*** Opening of Given information ***
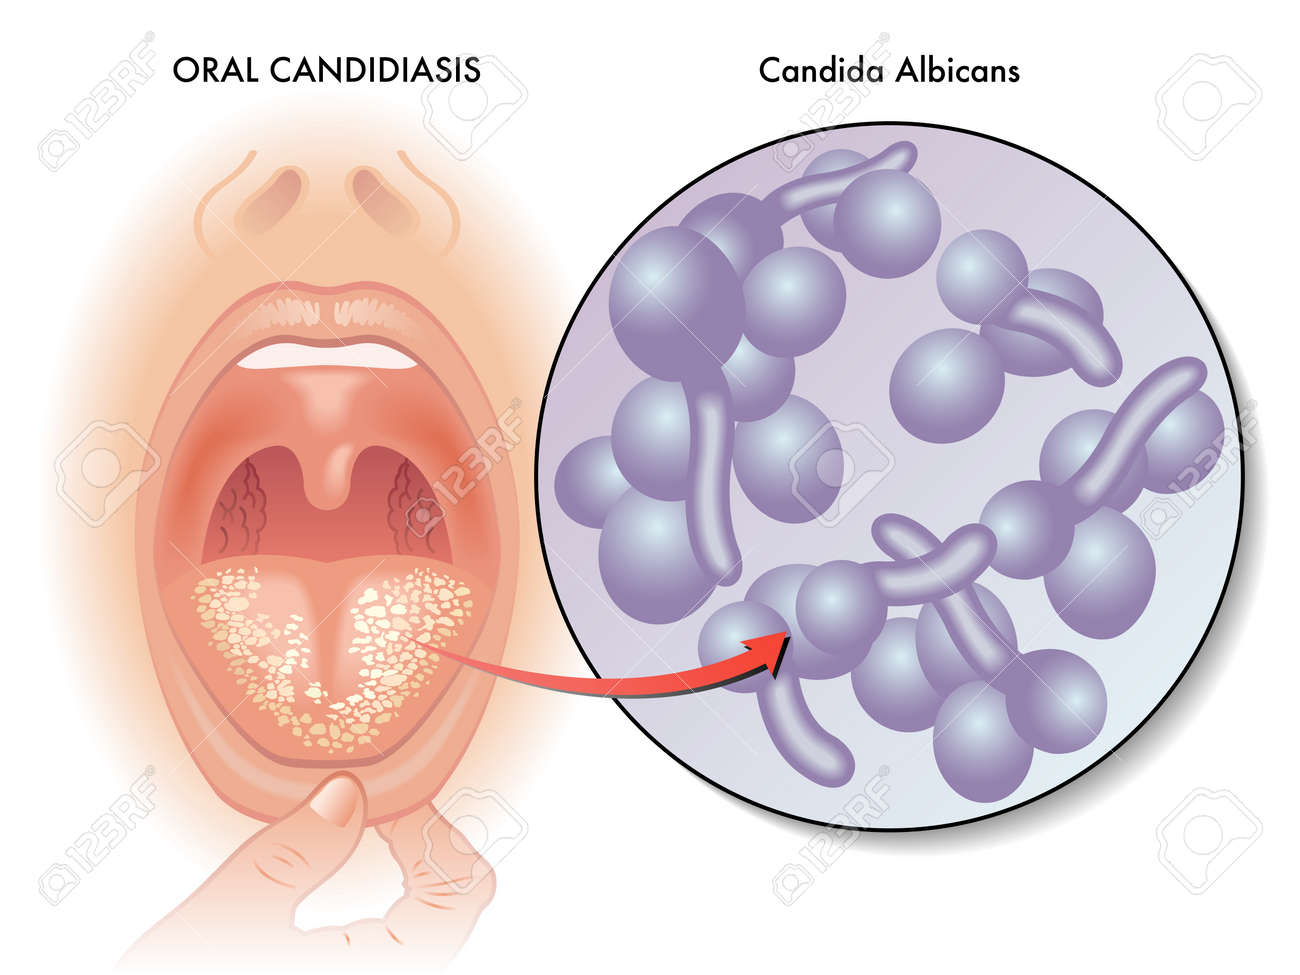 symptoms of oral candidiasis - 88223181
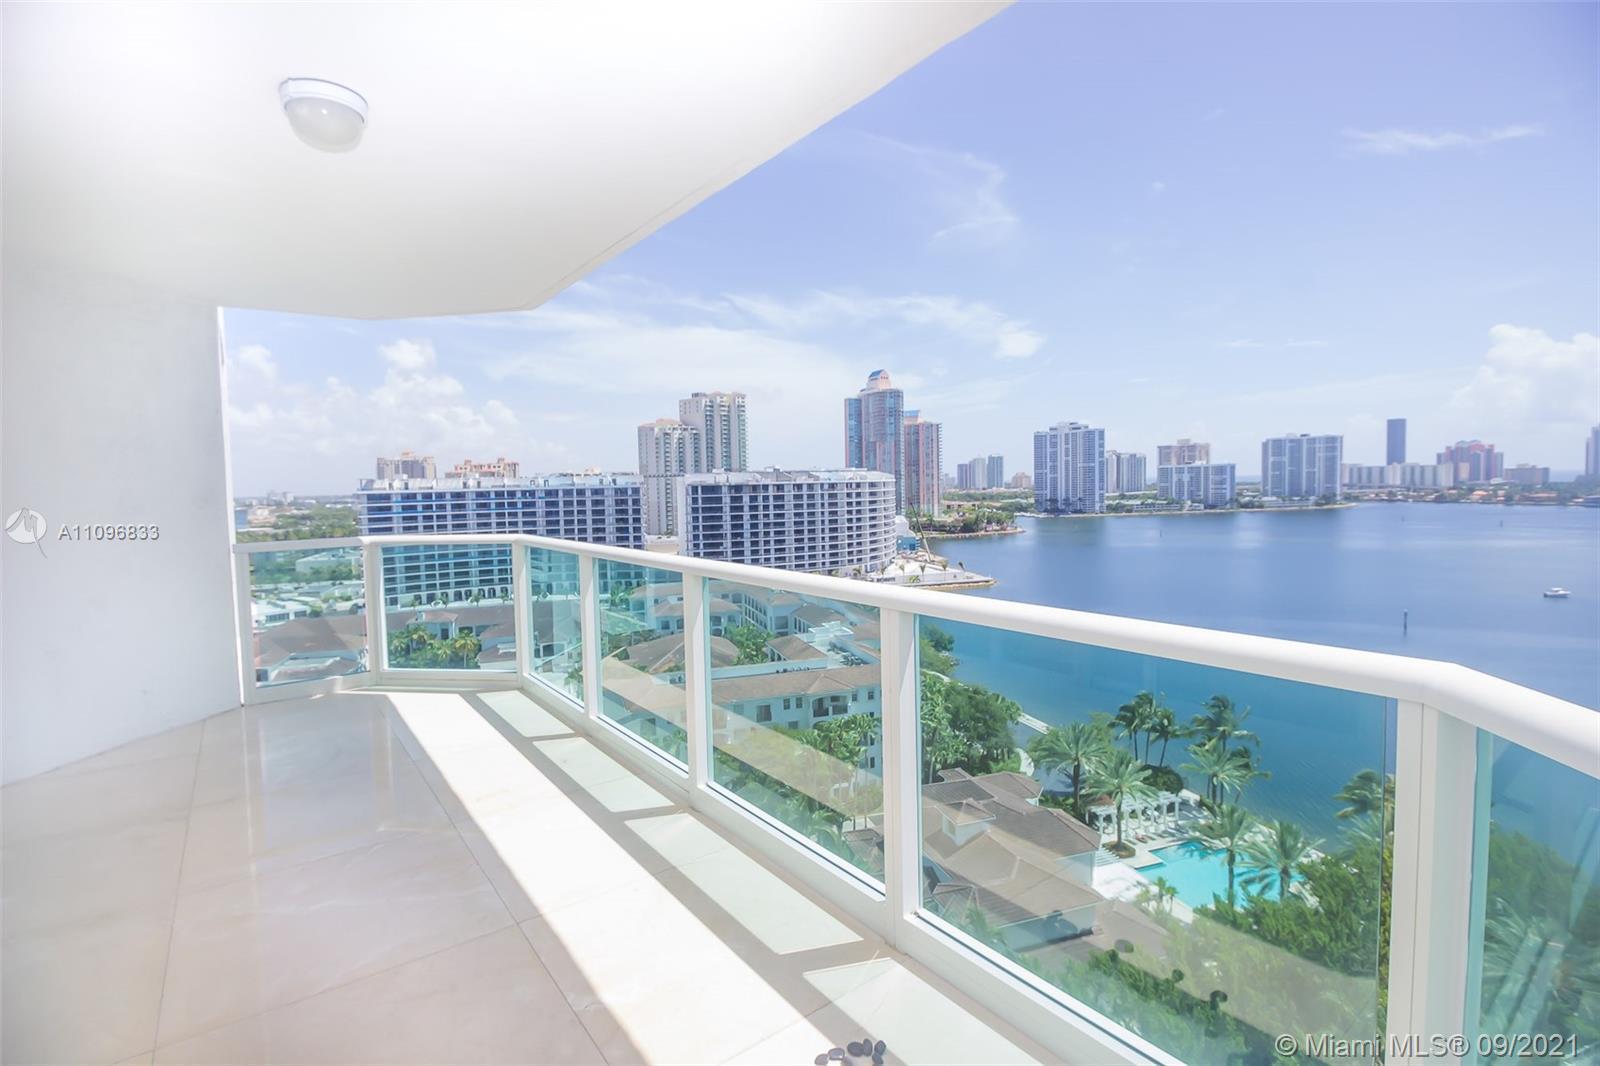 Luxury Corner unit  4 bedrooms, 4 and a half bathroom plus Den. Fabulous direct Ocean Intracoastal a
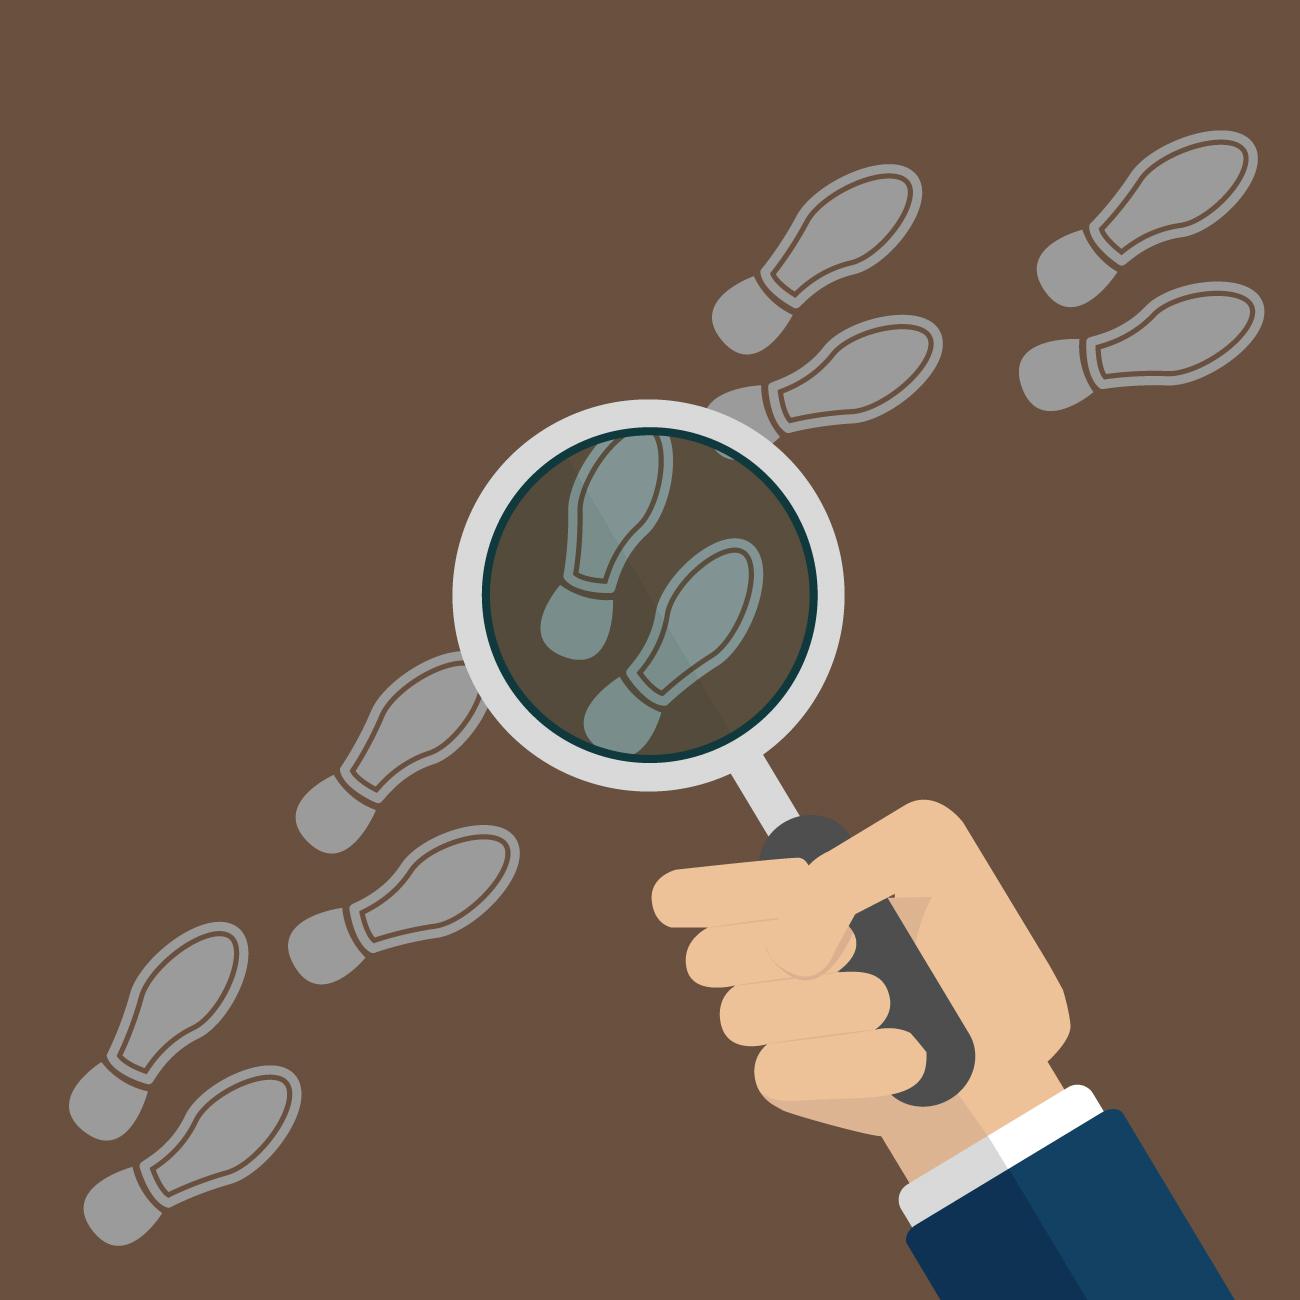 lens-detectives
*** Close of Given information ***
Task statement: Print all data above verbatim, except pictures.

Response area:
 symptoms of oral candidiasis - 88223181
 Luxury Corner unit  4 bedrooms, 4 and a half bathroom plus Den. Fabulous direct Ocean Intracoastal a
 lens-detectives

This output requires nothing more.